• **To do**
Only the stretch below from the line holding "from) for that seating position until" through the line holding "My Dygma Raise" should be restated, word for word and with both ends included; pictures stay out.

• **Materials provided**
■ ■ ■ ■
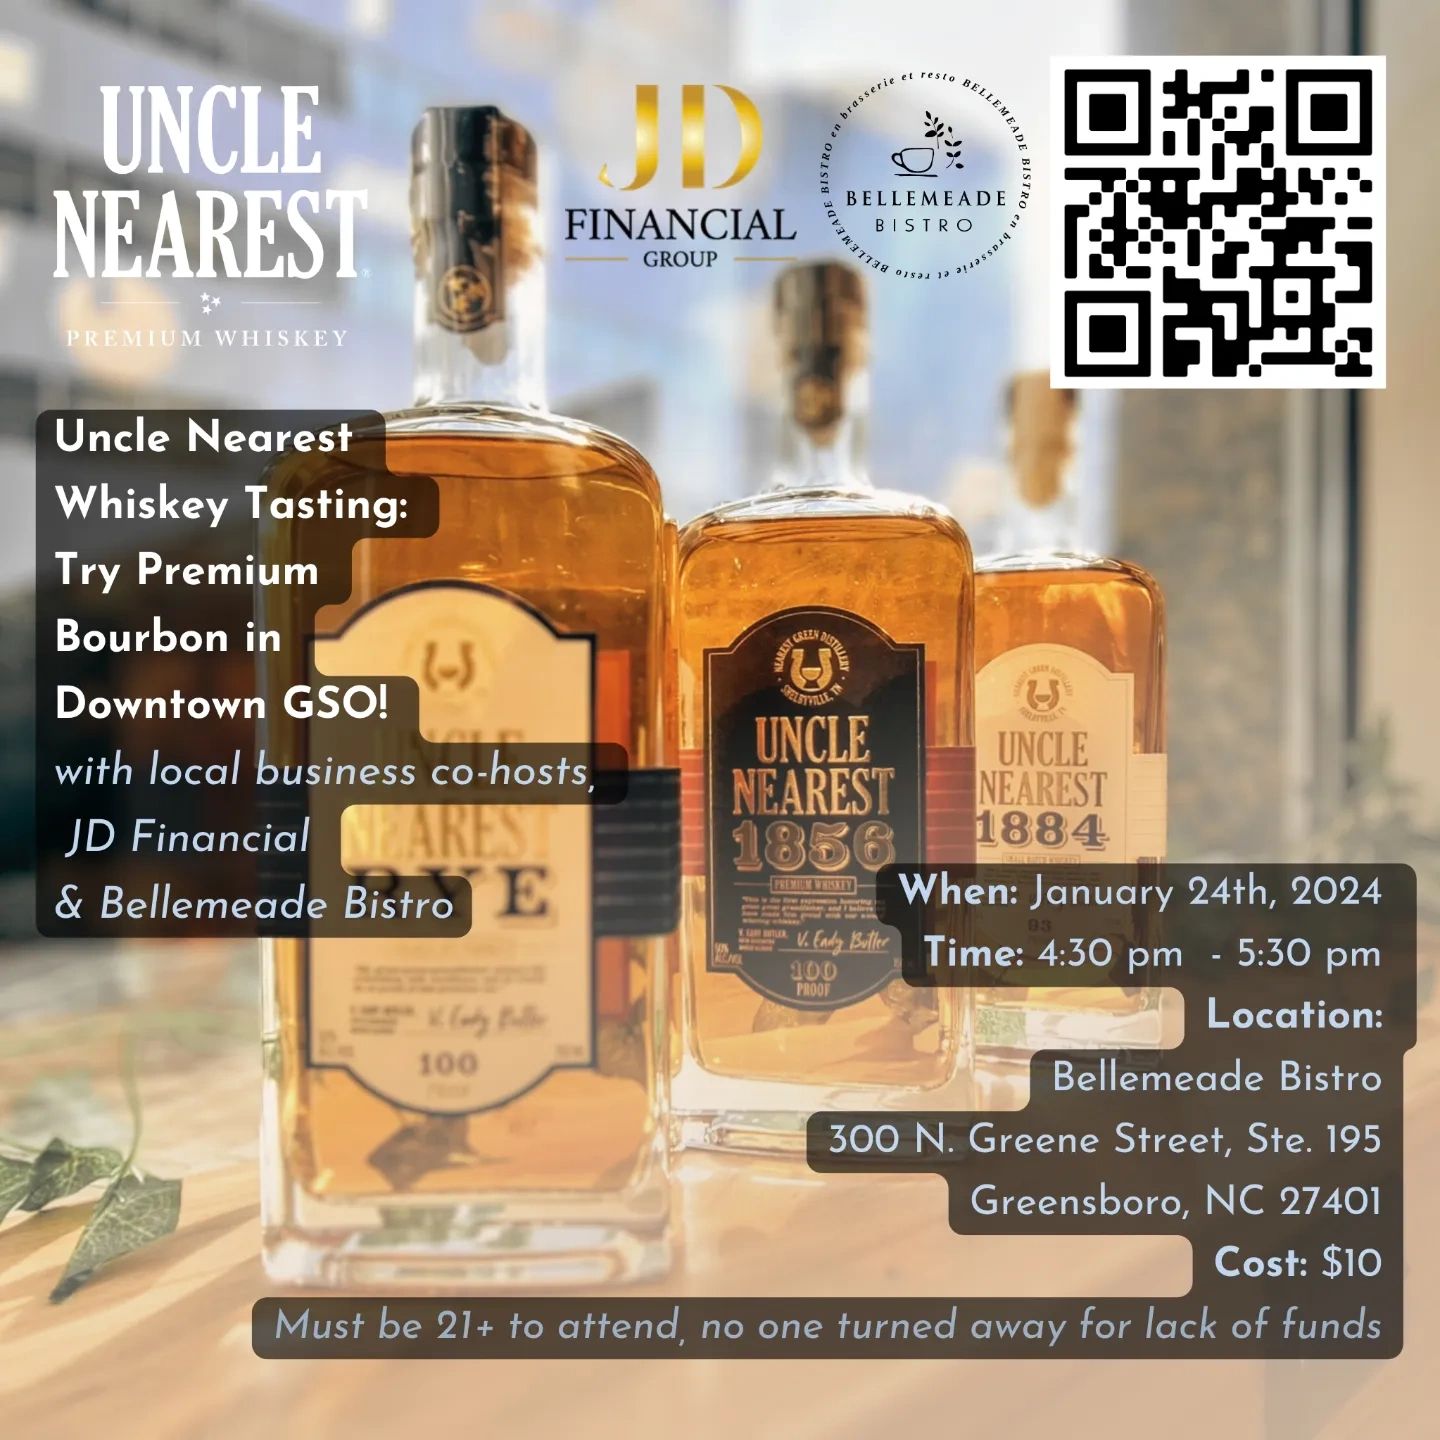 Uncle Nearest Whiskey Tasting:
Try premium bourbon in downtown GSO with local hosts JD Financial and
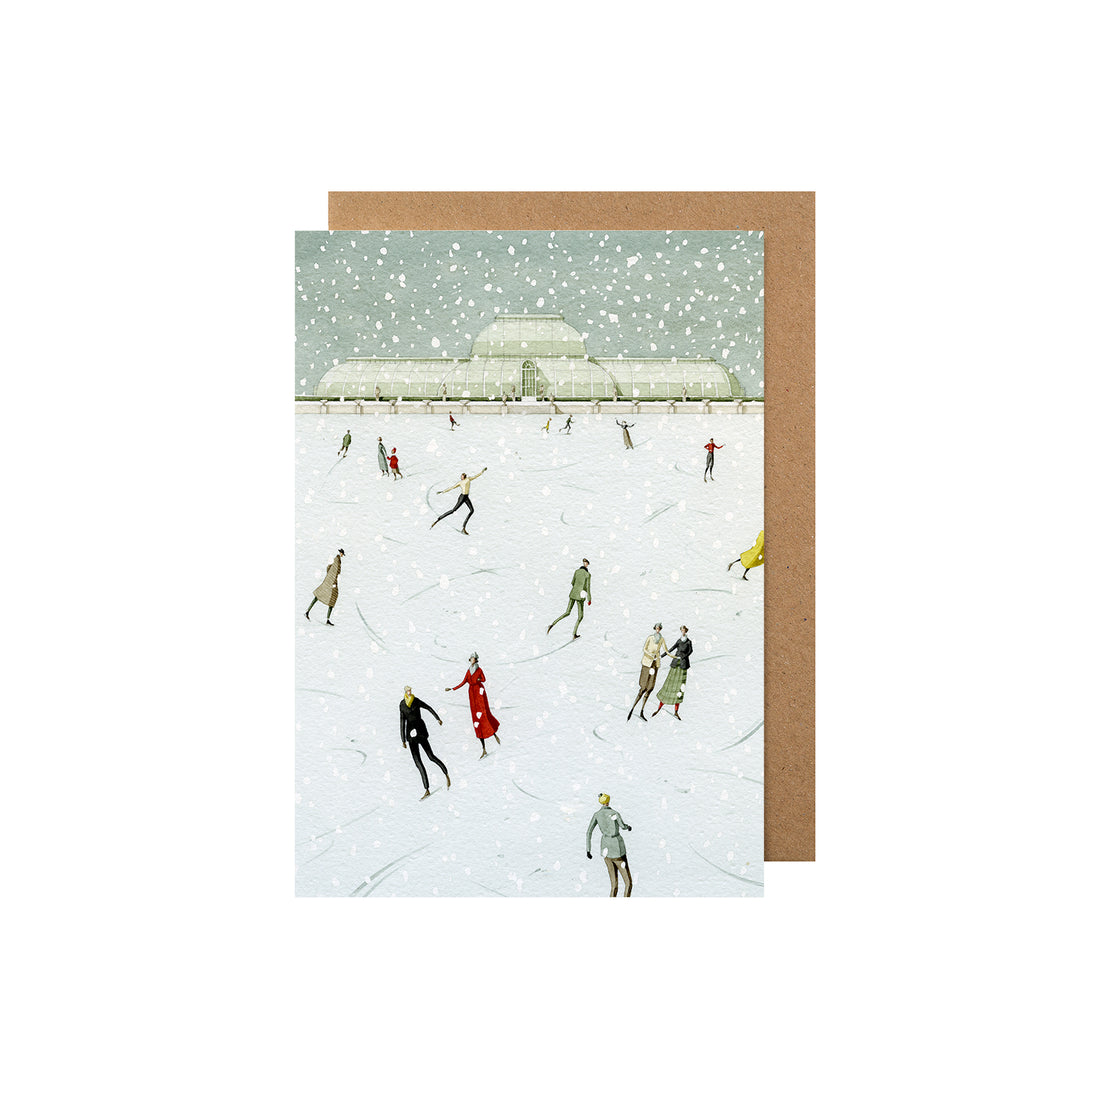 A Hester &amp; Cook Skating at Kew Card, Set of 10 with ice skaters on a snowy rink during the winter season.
■ ■ ■ ■
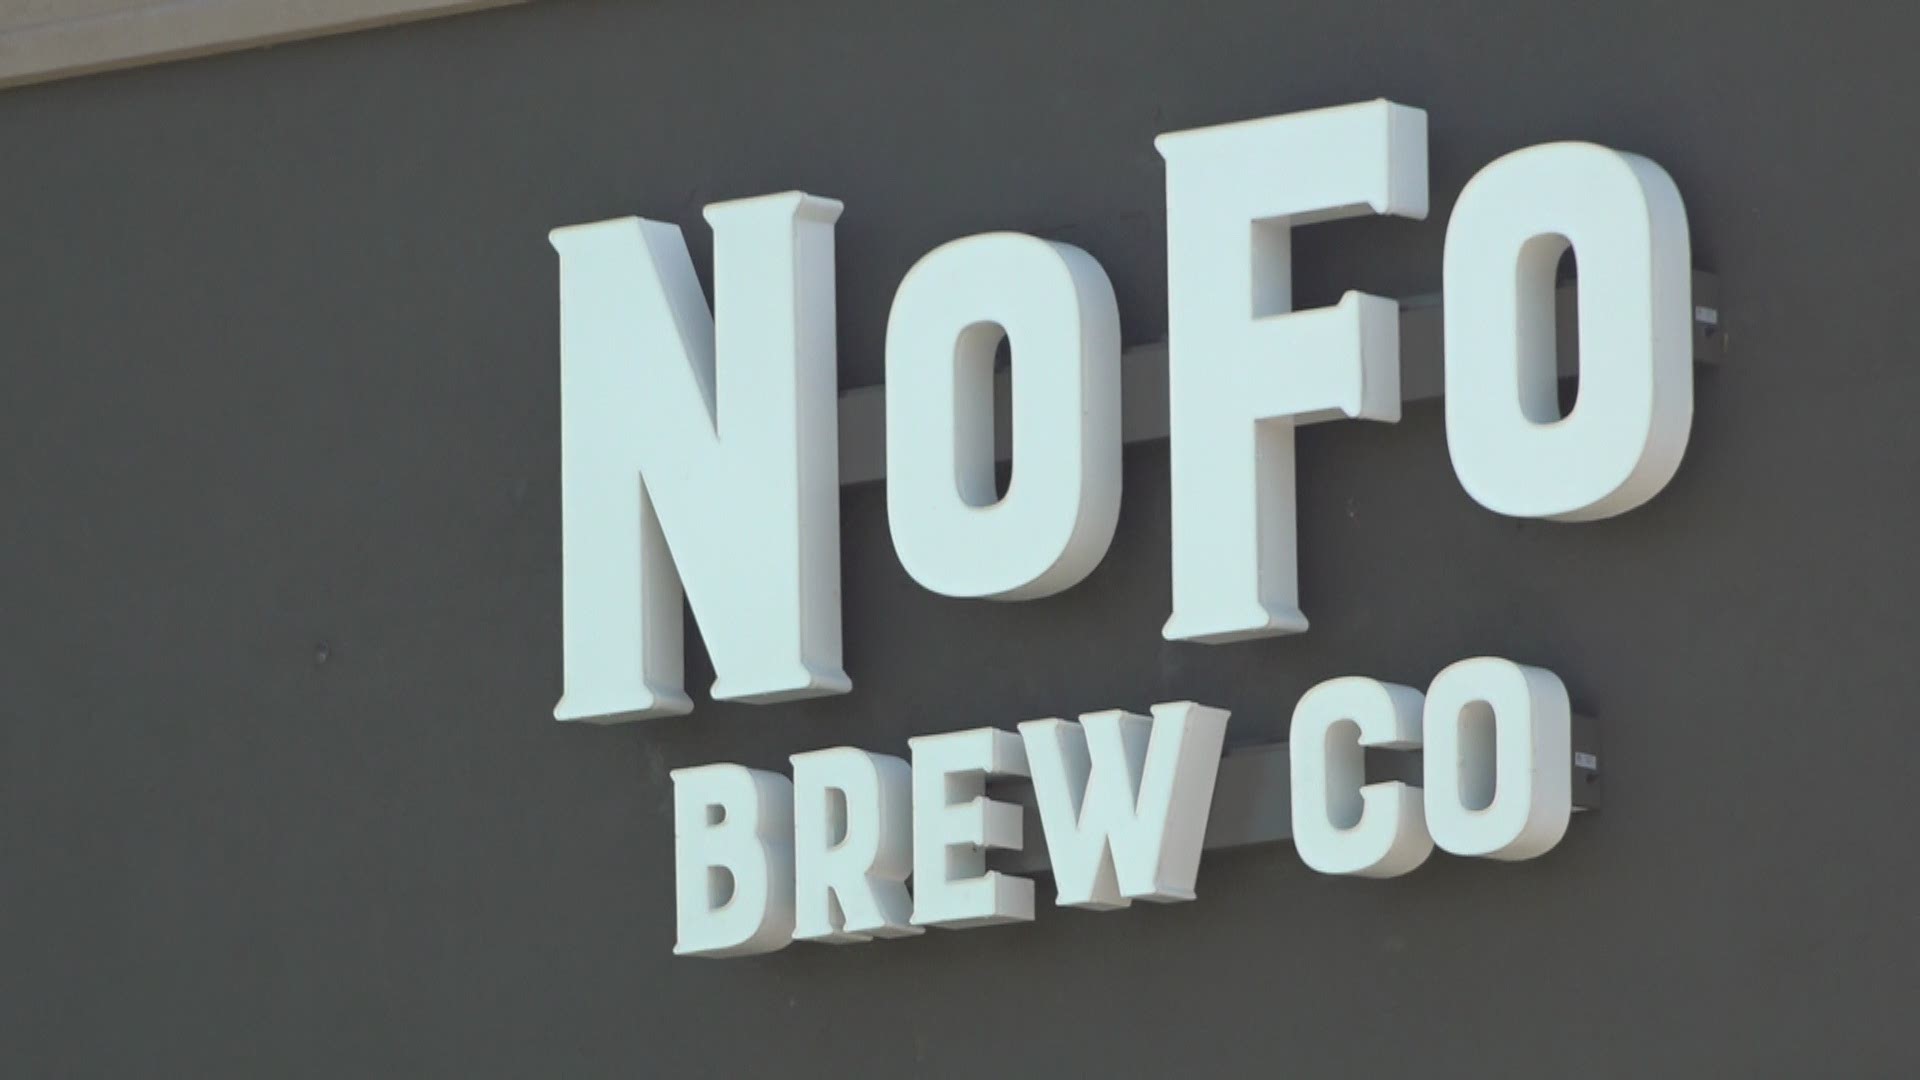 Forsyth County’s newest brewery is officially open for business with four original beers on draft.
■ ■ ■ ■
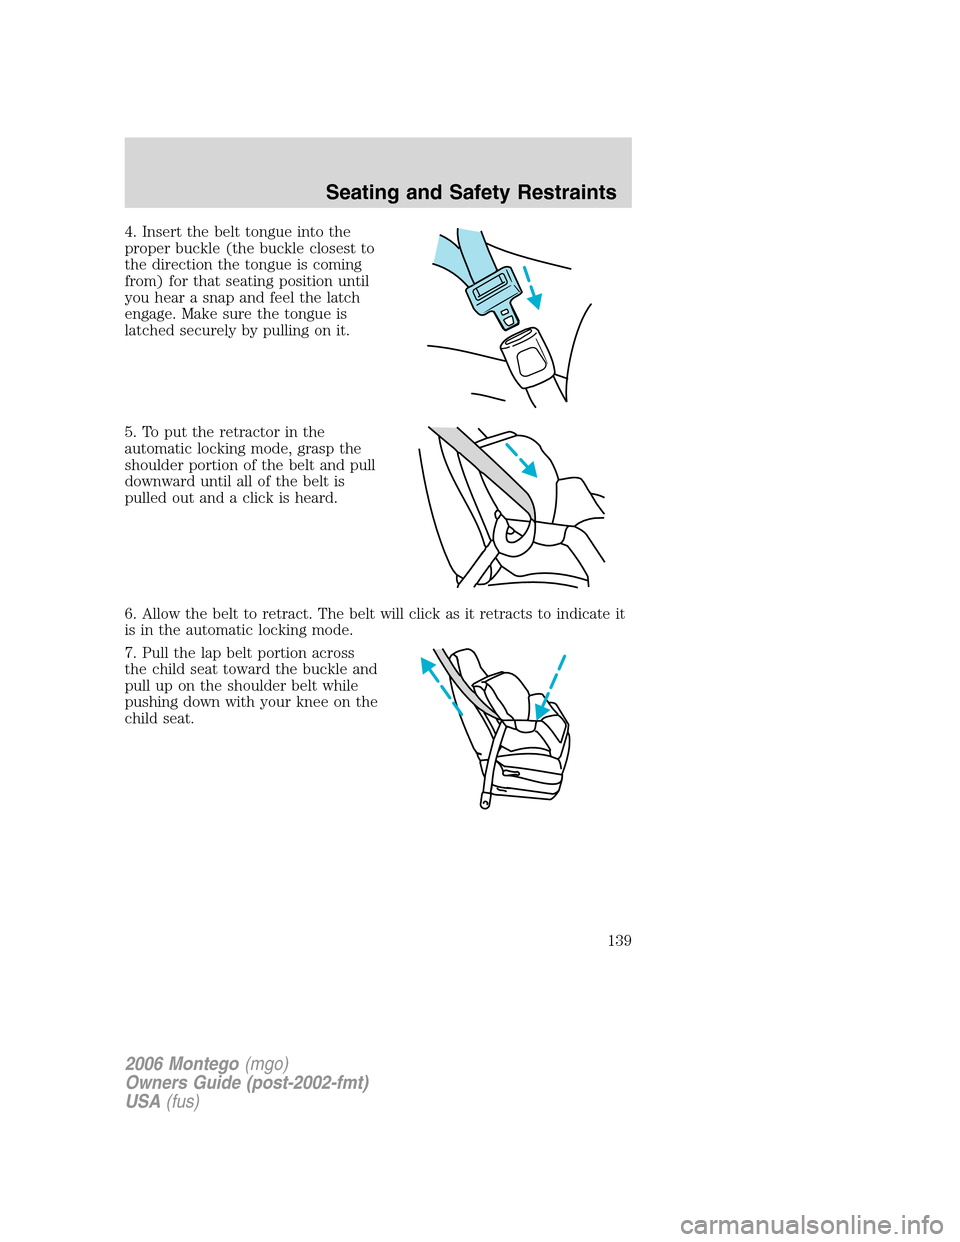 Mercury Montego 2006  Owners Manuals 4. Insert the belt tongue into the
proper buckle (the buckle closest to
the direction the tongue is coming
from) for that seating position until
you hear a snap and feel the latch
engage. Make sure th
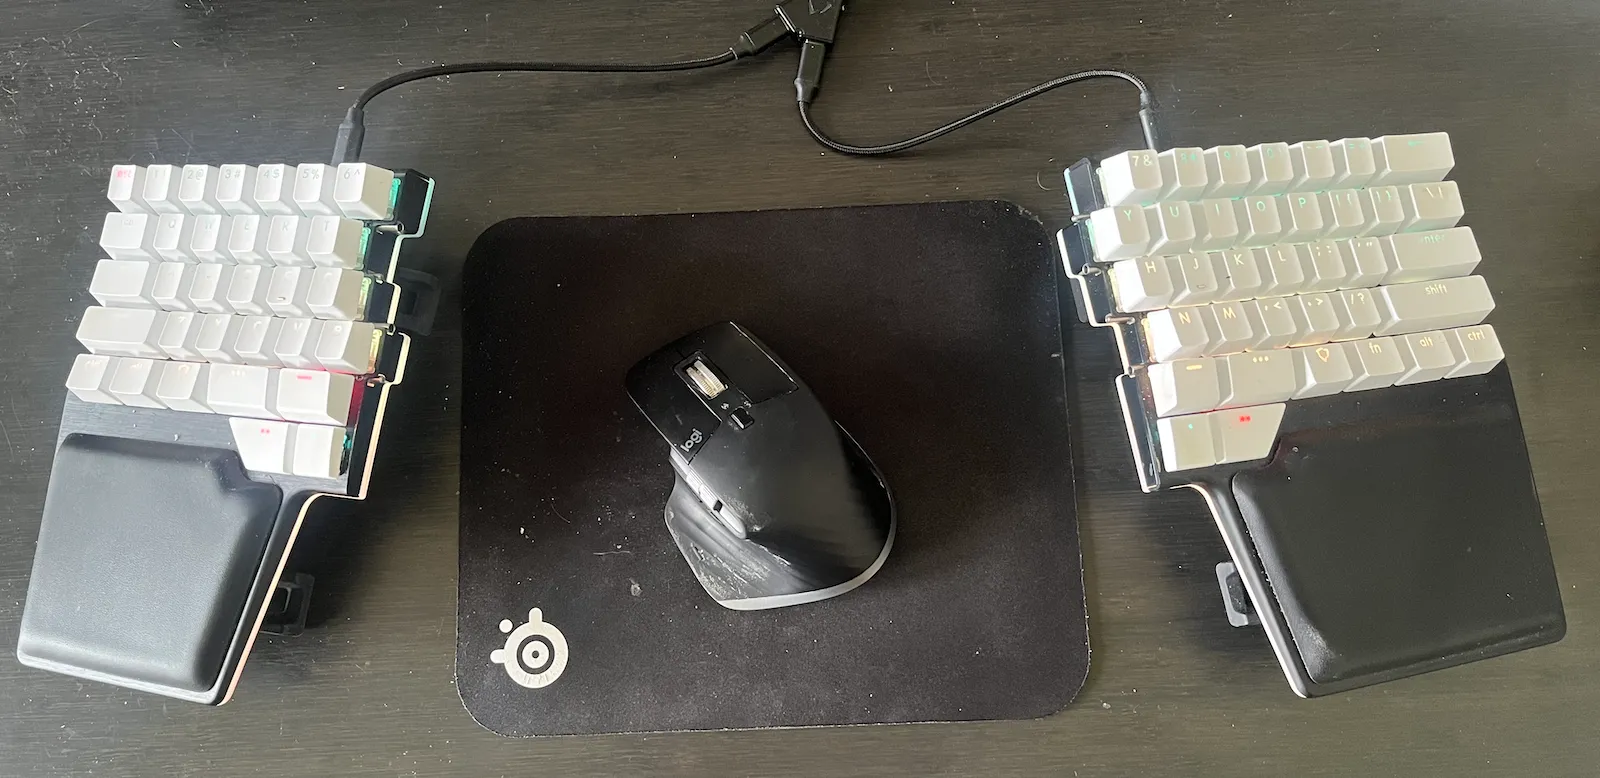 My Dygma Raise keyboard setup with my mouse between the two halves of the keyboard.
■ ■ ■ ■
• **Result for this task**
from) for that seating position until
you hear a snap and feel the latch
engage. Make sure th
 My Dygma Raise keyboard setup with my mouse between the two halves of the keyboard.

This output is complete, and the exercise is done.